4.6 Wilson CI assumes binomial sampling
Per-pair counts are binomial. Wilson 95% CI is appropriate (Brown et al. 2001).
4.7 ACMG-PP3/BP4 partial circularity
ClinVar Pathogenic / Benign labels are partly predictor-derived (PolyPhen / SIFT scores used as PP3 evidence). Some per-pair fractions reflect predictor-curator co-variance.
5. Implications
- Among 7 Asp-derived substitution pairs, D → Y is the most Pathogenic-enriched at 54.7% (Wilson CI [51.6, 57.7]) — driven by charge loss + maximum volume increase.
- D → E is the least Pathogenic-enriched at 16.3% [14.8, 17.9] — a conservative acidic-to-acidic substitution.
- D → N at 23.3% is the next-least, preserving Asp's side-chain geometry but losing the charge.
- For variant-prioritization pipelines: per-target-AA priors within Asp should be applied; D → Y ~55%, D → E ~16%.
- The Asp chemistry-class continuum is preserved: charge-disrupting + volume-increasing substitutions are most pathogenic; charge-preserving (E) or geometry-preserving (N) substitutions are least pathogenic.
6. Limitations
- Stop-gain excluded (§4.1).
- ClinVar curatorial bias (§4.2) toward EF-hand calcium-binding and catalytic-Asp gene families.
- No codon-mutability normalization (§4.3).
- Per-isoform first-element AA (§4.4).
- N-threshold ≥ 100 (§4.5) excludes 2-step-codon-distance pairs.
- ACMG-PP3 partial circularity (§4.7).
7. Reproducibility
- Script:
analyze.js(Node.js, ~60 LOC, zero deps). - Inputs: ClinVar P + B JSON cache from MyVariant.info.
- Outputs:
result.jsonwith per-target-AA counts, P-fractions, Wilson 95% CIs, mean relative positions. - Verification mode: 6 machine-checkable assertions: (a) all P-fractions in [0, 1]; (b) Wilson CIs contain the point estimate; (c) all 7 reported pairs have N ≥ 100; (d) D→Y P-fraction > 0.5; (e) D→E P-fraction < 0.2; (f) sample sizes match input file contents.
node analyze.js
node analyze.js --verify8. References
- Landrum, M. J., et al. (2018).

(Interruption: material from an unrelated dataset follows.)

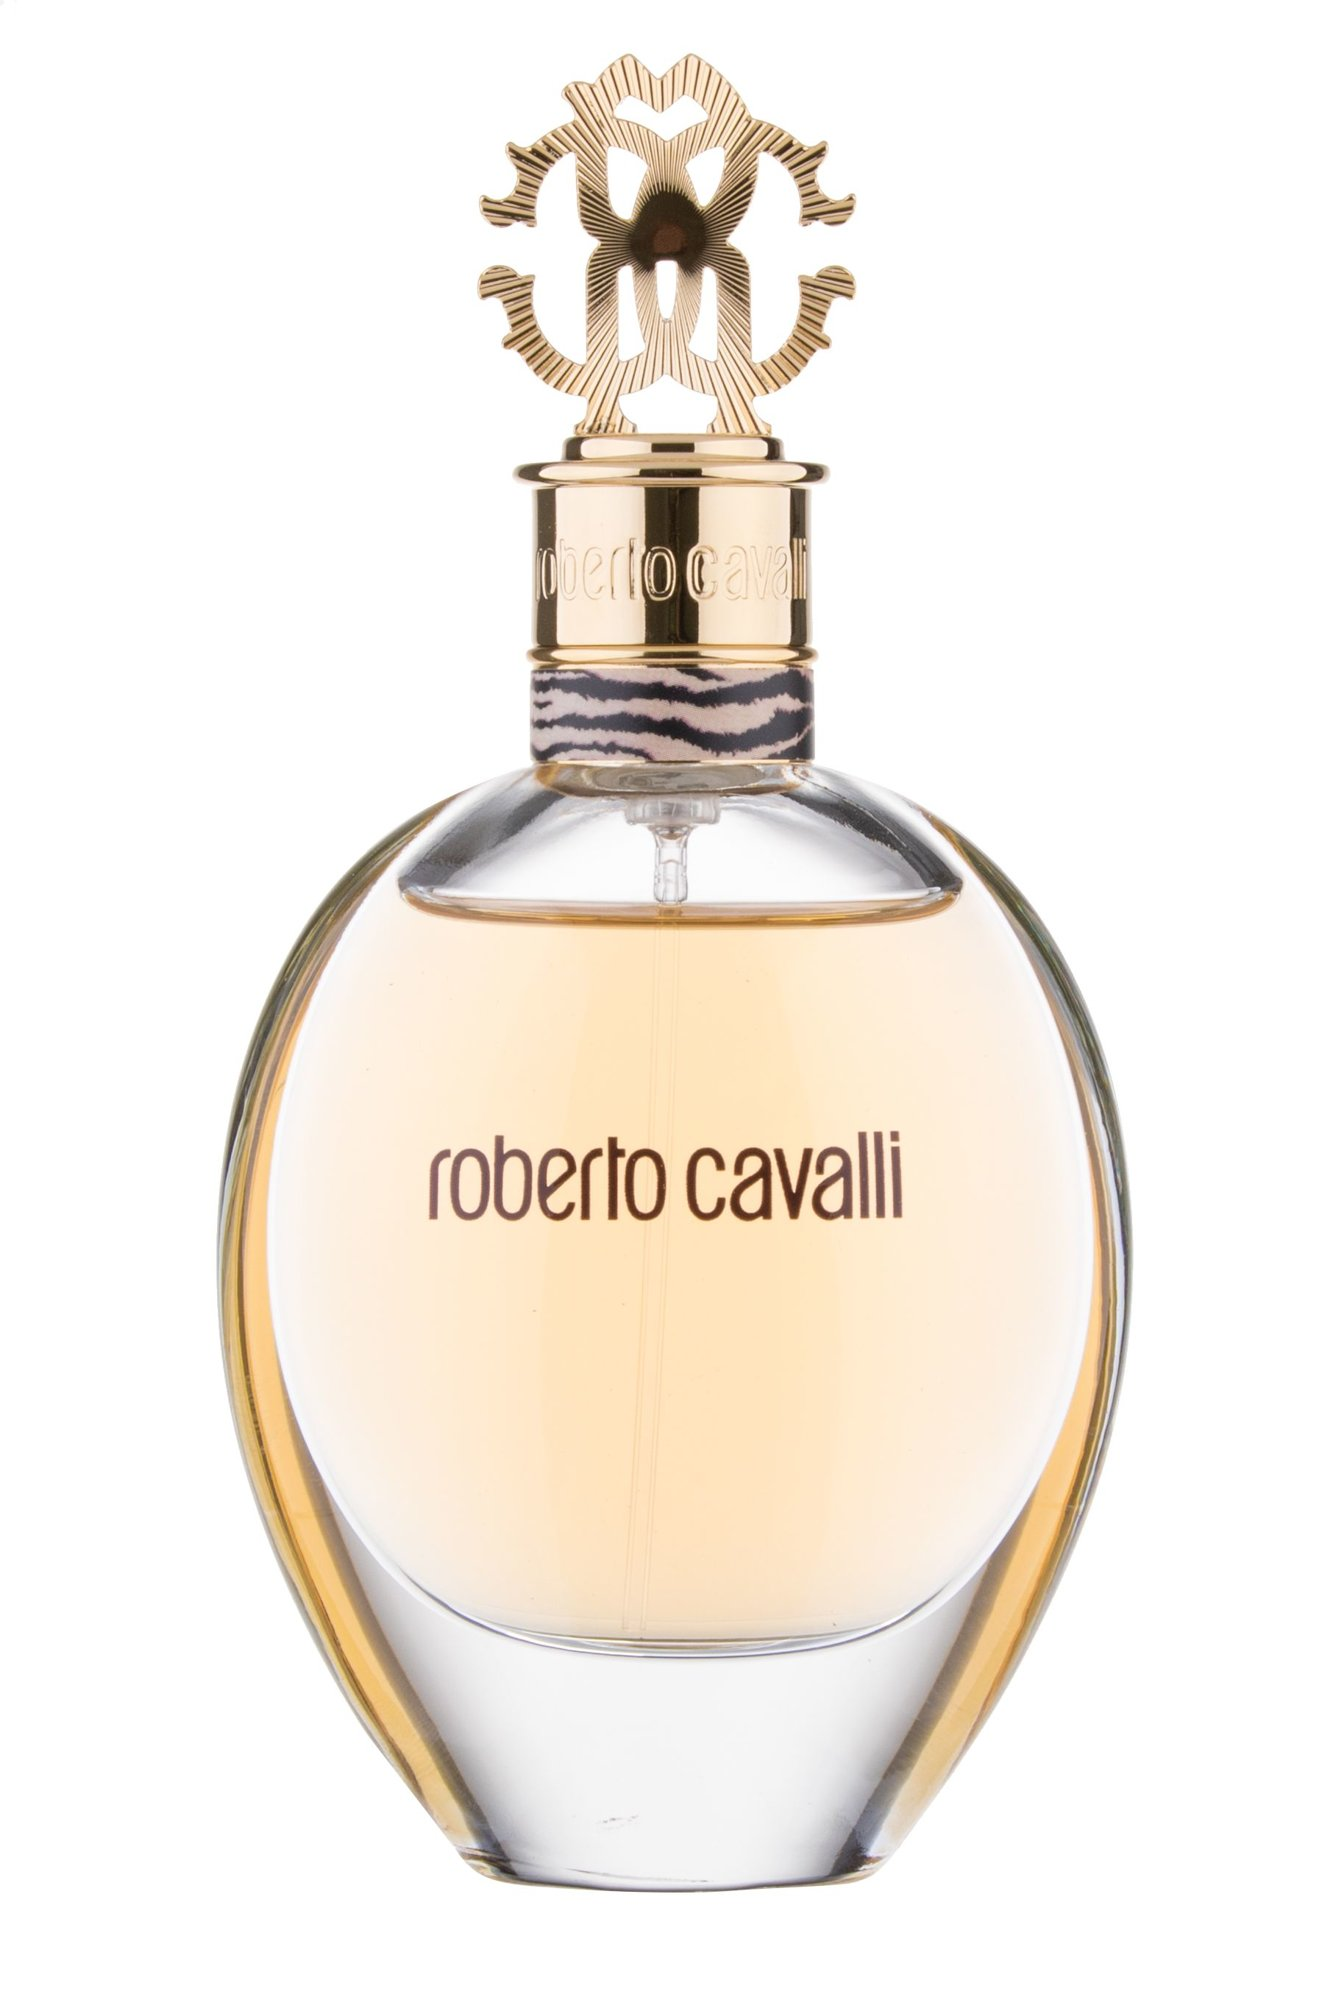 Roberto Cavalli Roberto Cavalli Pour Femme EDP 50ml

ClinVar. Nucleic Acids Res. 46, D1062–D1067.
- Liu, X., Li, C., Mou, C., Dong, Y., & Tu, Y. (2020). dbNSFP v4. Genome Med. 12, 103.
- Wu, C., et al. (2021). MyVariant.info. Bioinformatics 37, 4029–4031.

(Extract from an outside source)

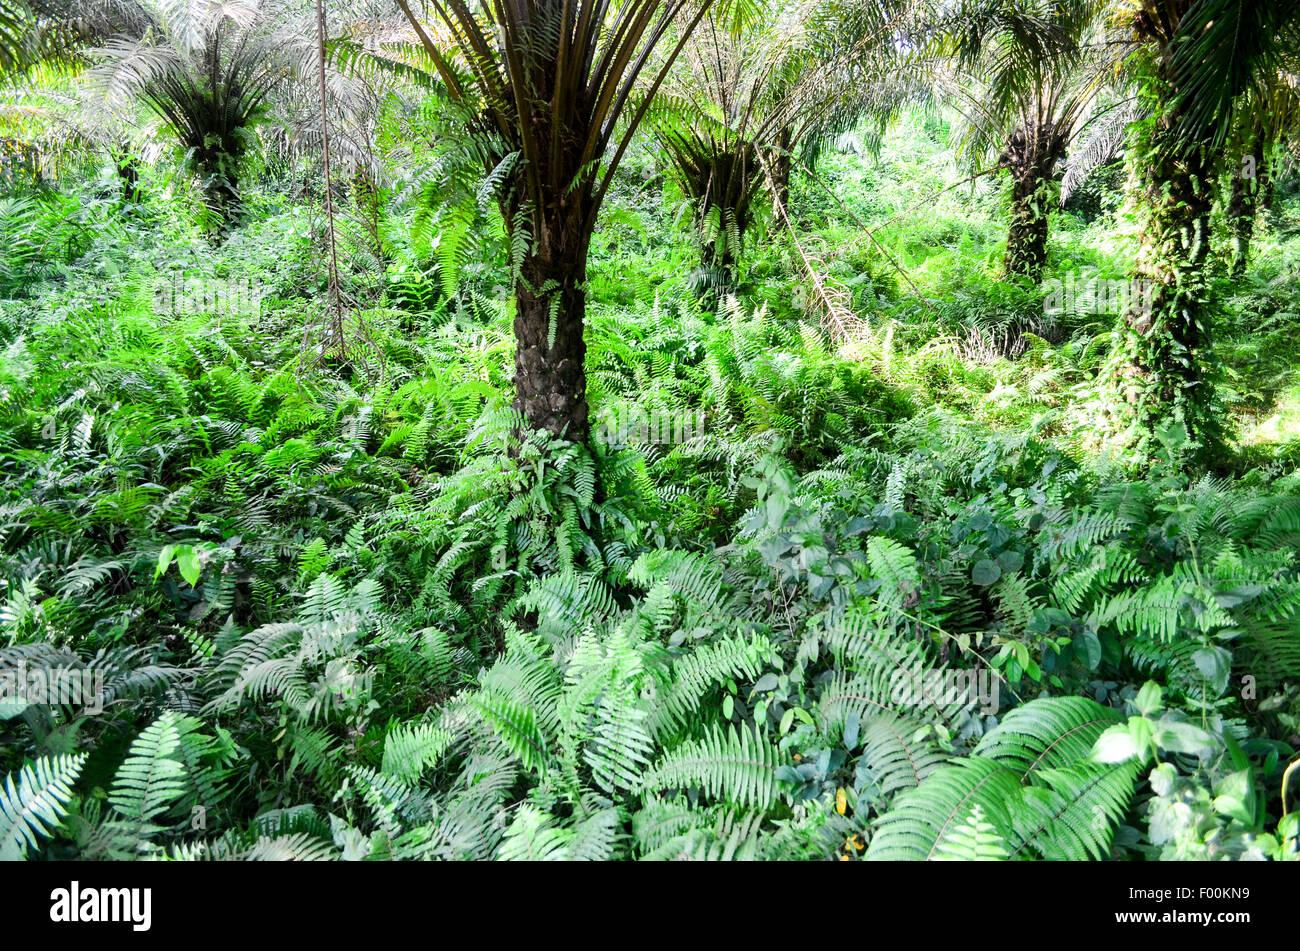 Greenery in Ghana, a tropical scene - Stock Image

- Wilson, E. B. (1927). Probable inference, the law of succession, and statistical inference. J. Am. Stat. Assoc. 22, 209–212.
- Brown, L. D., Cai, T. T., & DasGupta, A. (2001). Interval estimation for a binomial proportion. Stat. Sci. 16, 101–133.

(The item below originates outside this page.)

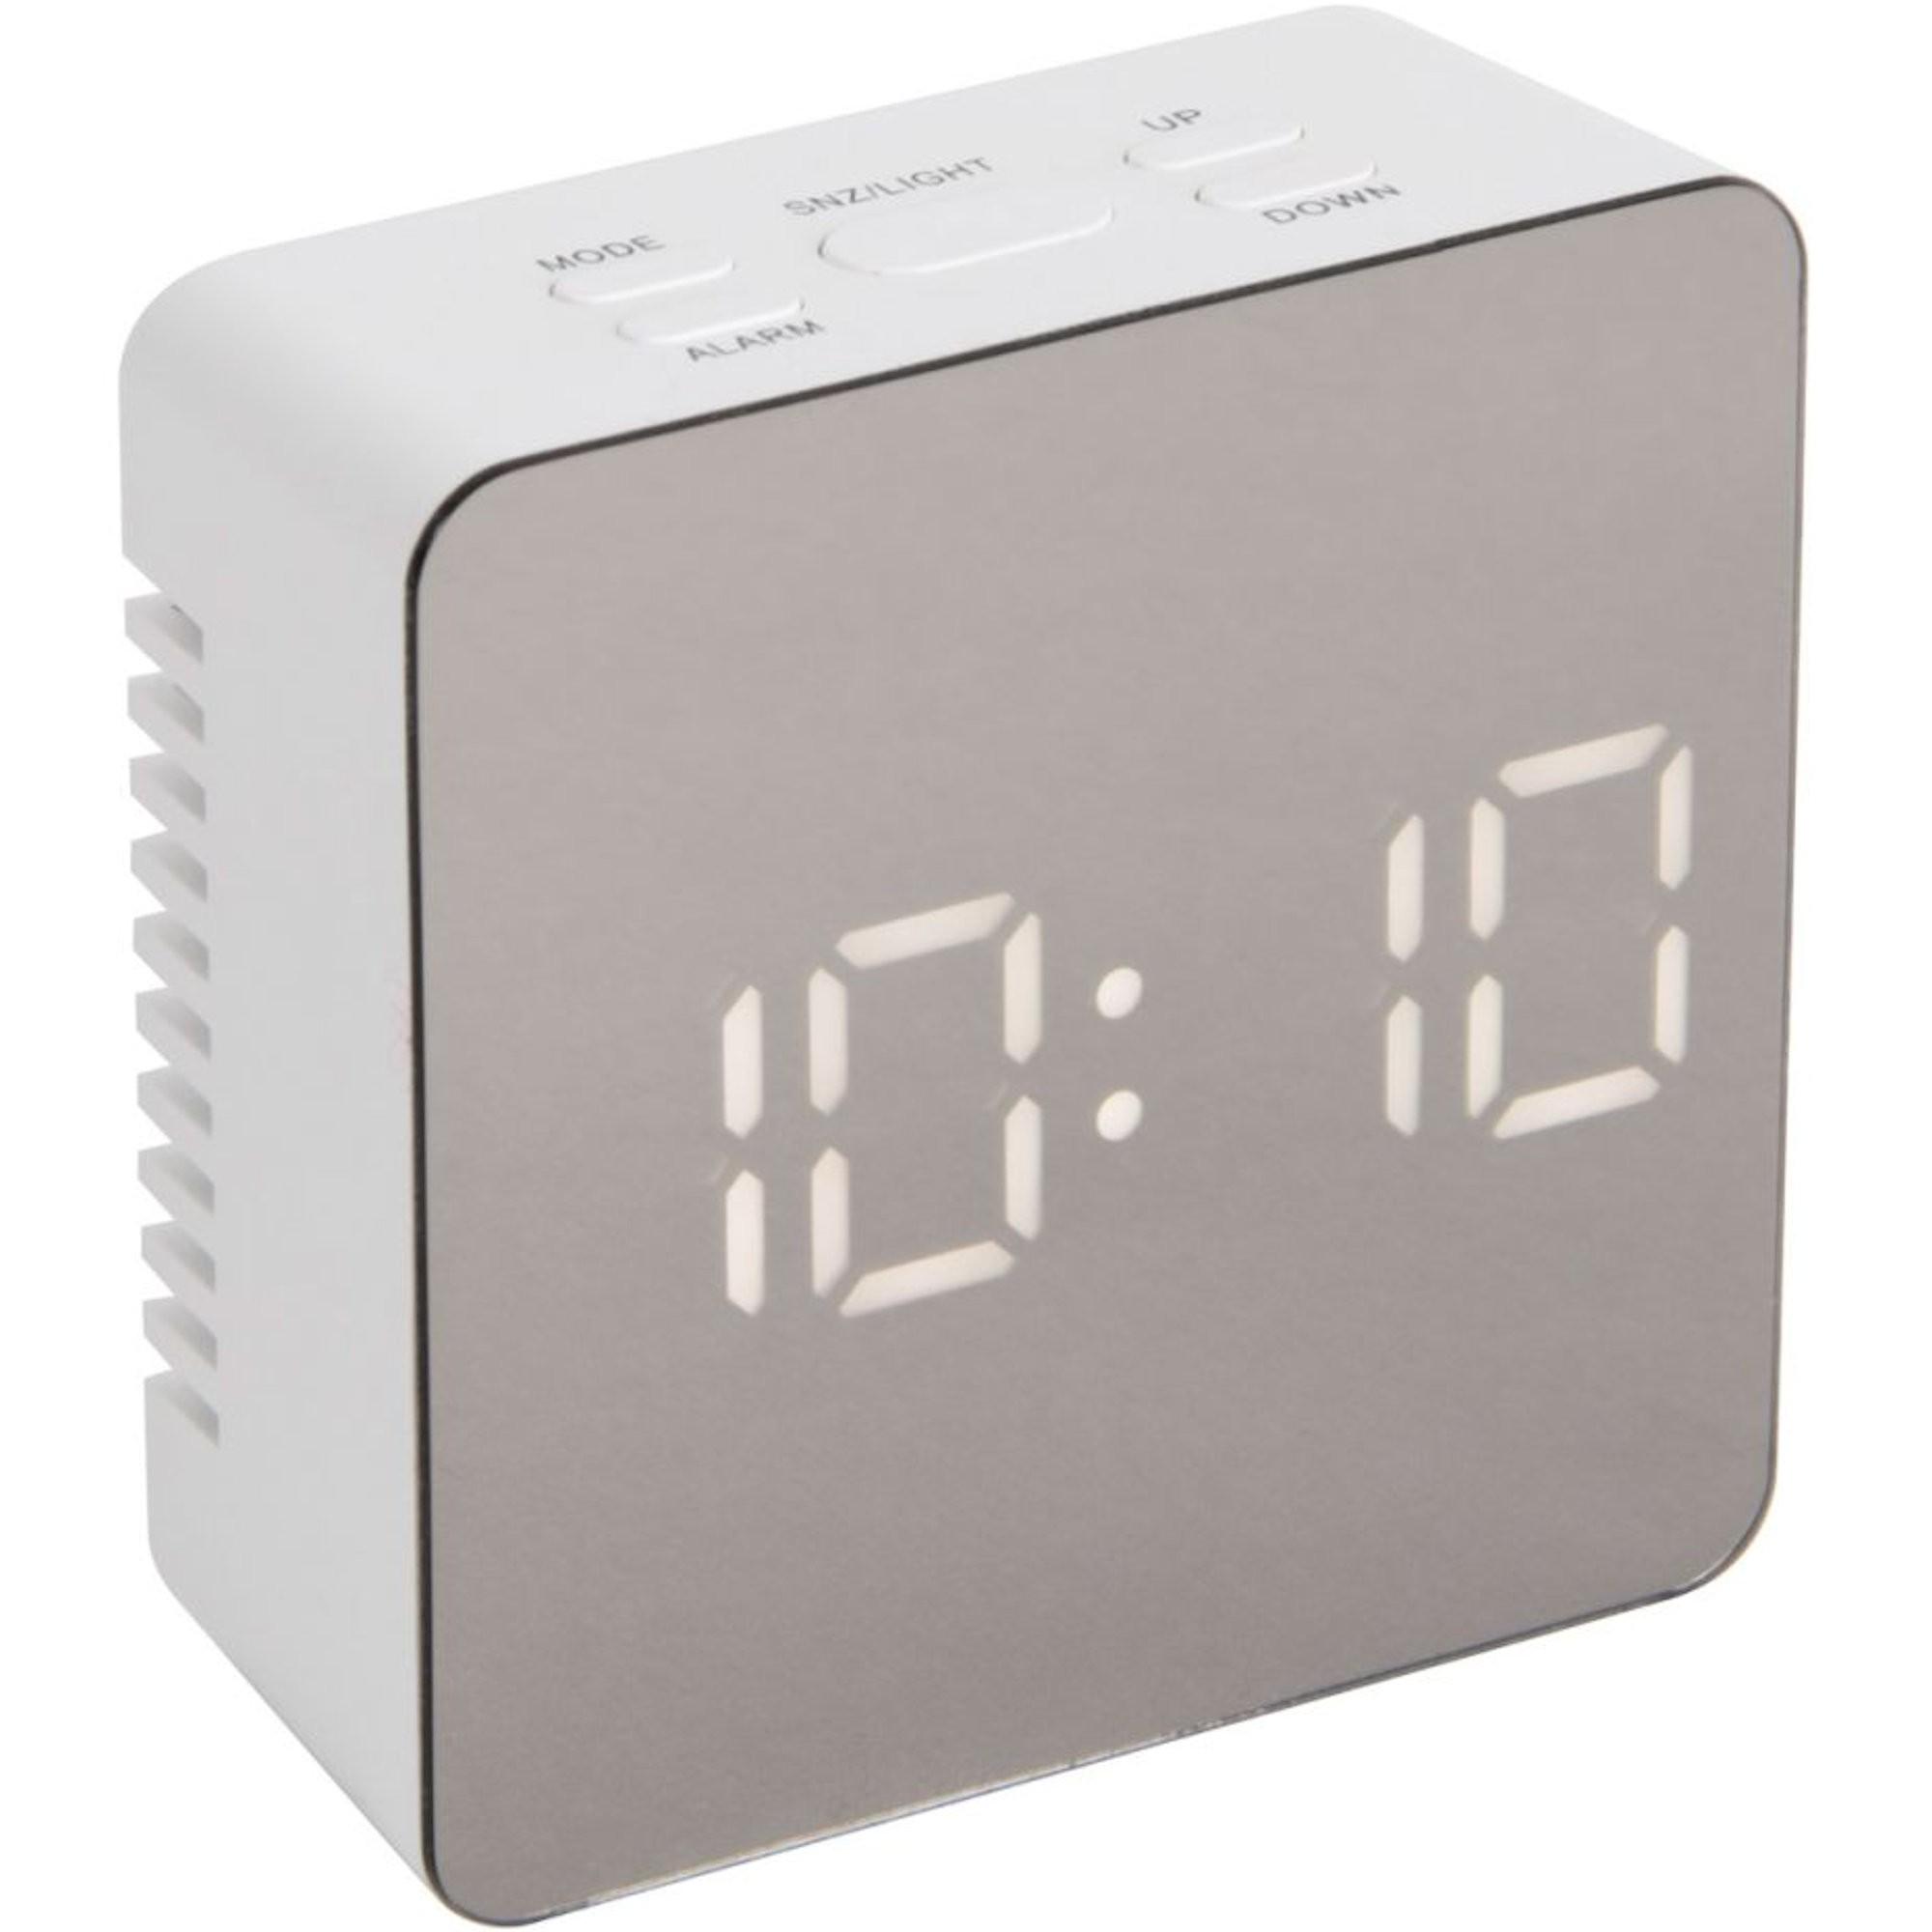 Réveil numérique LED Miroir Square Blanc

- Davies, D. R. (1990). The structure and function of the aspartic proteinases. Annu. Rev. Biophys. Biophys. Chem. 19, 189–215. (Aspartyl protease catalytic-Asp reference.)
- Strynadka, N. C., & James, M. N. (1989). Crystal structures of the helix-loop-helix calcium-binding proteins. Annu. Rev. Biochem. 58, 951–998. (EF-hand reference.)
- Richards, S., et al. (2015). ACMG/AMP variant interpretation guidelines. Genet. Med. 17, 405–424.
- Cooper, D. N., & Krawczak, M. (1990). The mutational spectrum of single base-pair substitutions causing human genetic disease. Hum. Genet. 85, 55–74.
- Grantham, R. (1974). Amino acid difference formula to help explain protein evolution. Science 185, 862–864.